Saturday, July 30, 2016

Introduction

Geometric coding is a new method of encoding data by representing each byte or word of data using geometric shapes. Data is split either in to bytes or fixed length words and each byte or word is encoded using a specific geometric shape.

A byte contains 8 bits and the value is represented as a binary number using bits 0 and 1. Each bit is multiplied with the power of two where the exponent is the position of the bit. The least significant bit represents 20  and the most significant bit represents 27.

In geometric encoding an octagon is used to represent a byte. The corners of the octagon represent each  bit value either 0 or 1. The corners are numbered from 0 to 7 to represent each bit position of a byte. A byte value is encoded using the shape formed by connecting the 1 bit corners of the octagon. We can also use 0 bit corners instead of 1 bit corners.

The number of 1 bits in a byte determine the geometric shape to  represent it and the position of the 1 bits determine the type of the geometric shape.
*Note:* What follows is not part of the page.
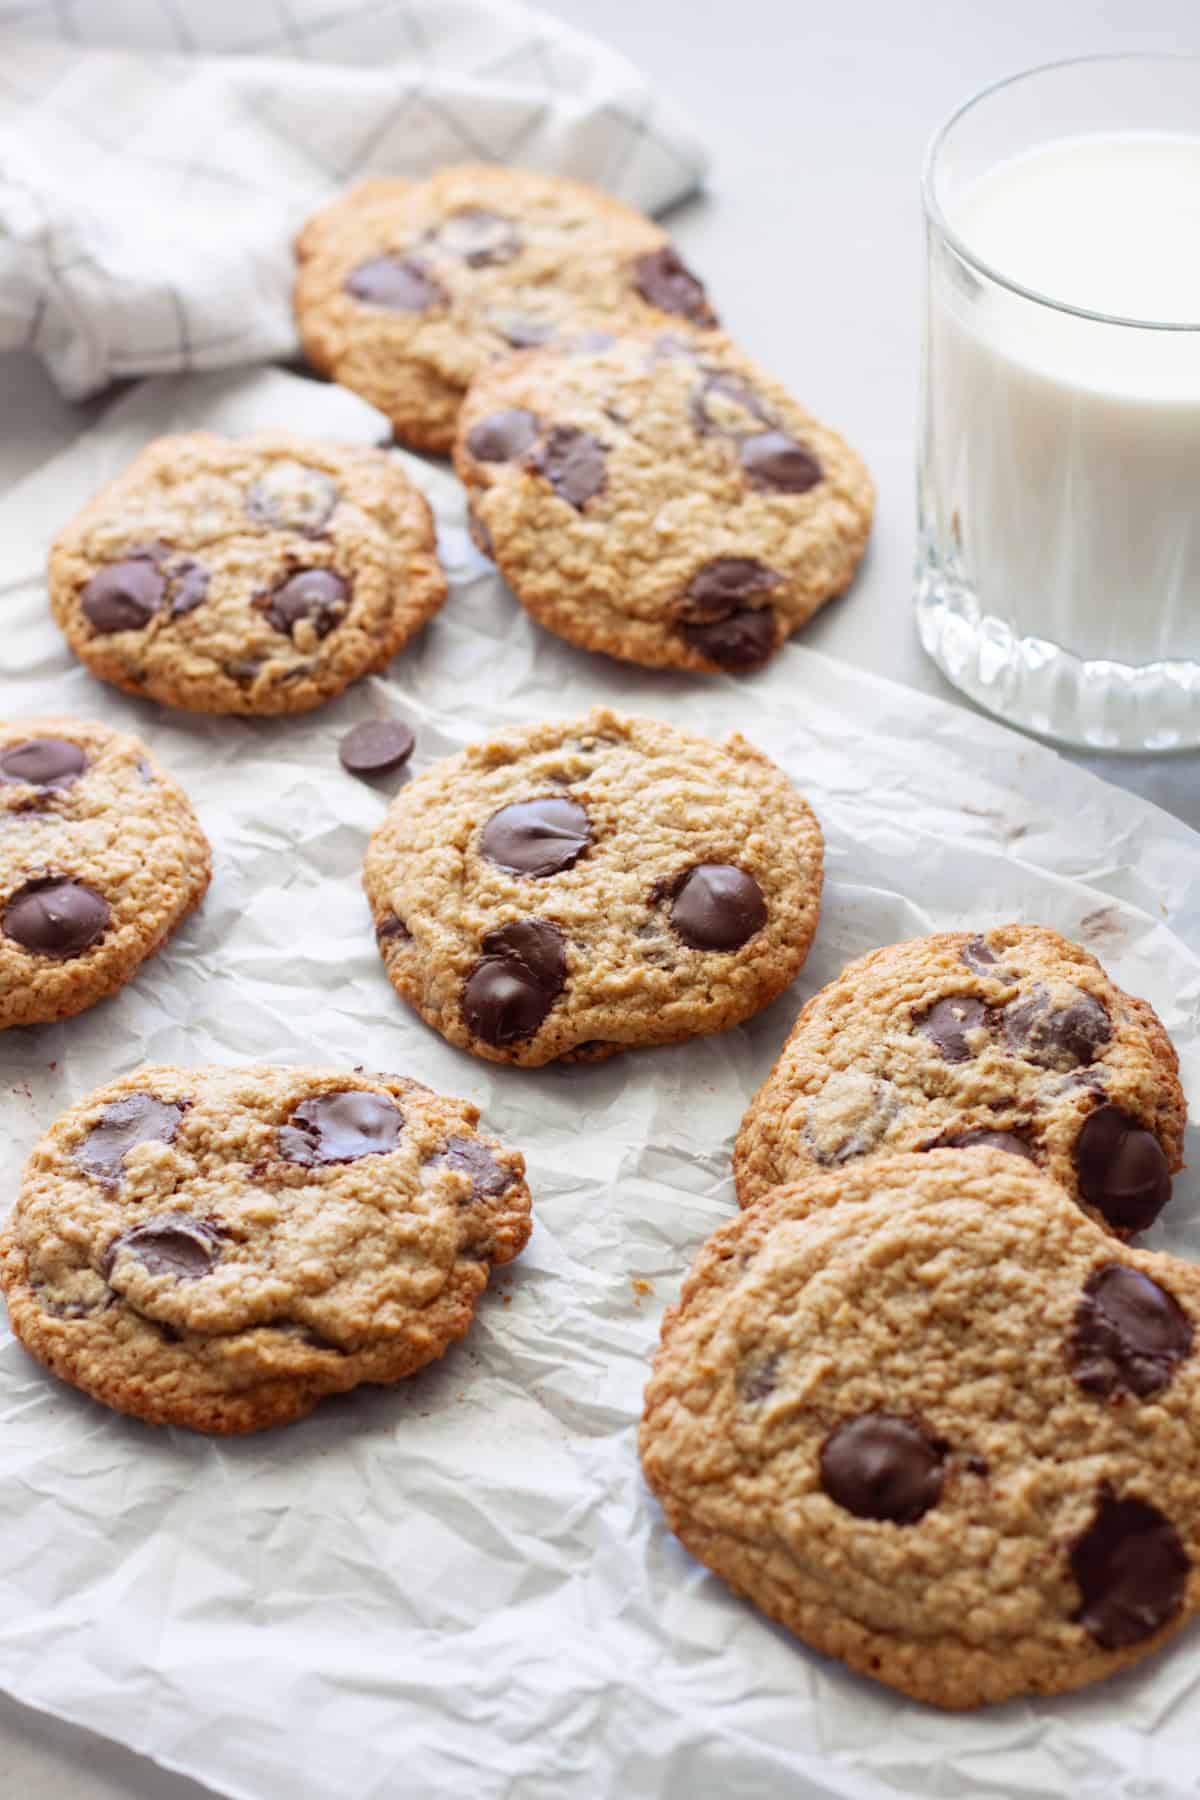 Gluten free chocolate chip cookies on a piece of parchment with a glass of milk to the side.

For example the decimal number 153 is 10011001 in binary representation and a rectangle shape is formed by connecting the 1 bits in it.


There are three other binary numbers which are represented by a rectangle




The four numbers 51, 102, 153 and 204 are represented with the same shape rectangle but the orientation of the rectangle is different for each number. Each orientation of the rectangle connects different corners of the octagon. These orientations are also called rotations.

There are nine other possible types of shapes with four edges and connecting four different corners of the octagon. These nine types with their rotations represent 66 binary numbers.

In geometric coding a binary number is represented by three parts Shape, sub type of shape and its orientation.

Shape

The Shape of a binary number is determined by number of 1 bits in it. For example a binary number containing five 1 bits is represented using a Pentagon.

Sub Type of Shape

The spread of 1 bits in a binary number is represented by the types of the selected shape representing it. For example there are four types of hexagons representing different spreads of six 1 bits.

Orientation (Rotation)

Positions of 1 bits in a binary number is represented by the orientation of the selected shape representing it. For example there are eight binary numbers with single 1 bit in eight different positions.

All possible shapes representing number of 1 bits and their types are given below.


Following table describes each shape and how many binary numbers it can represent with its sub types and rotations.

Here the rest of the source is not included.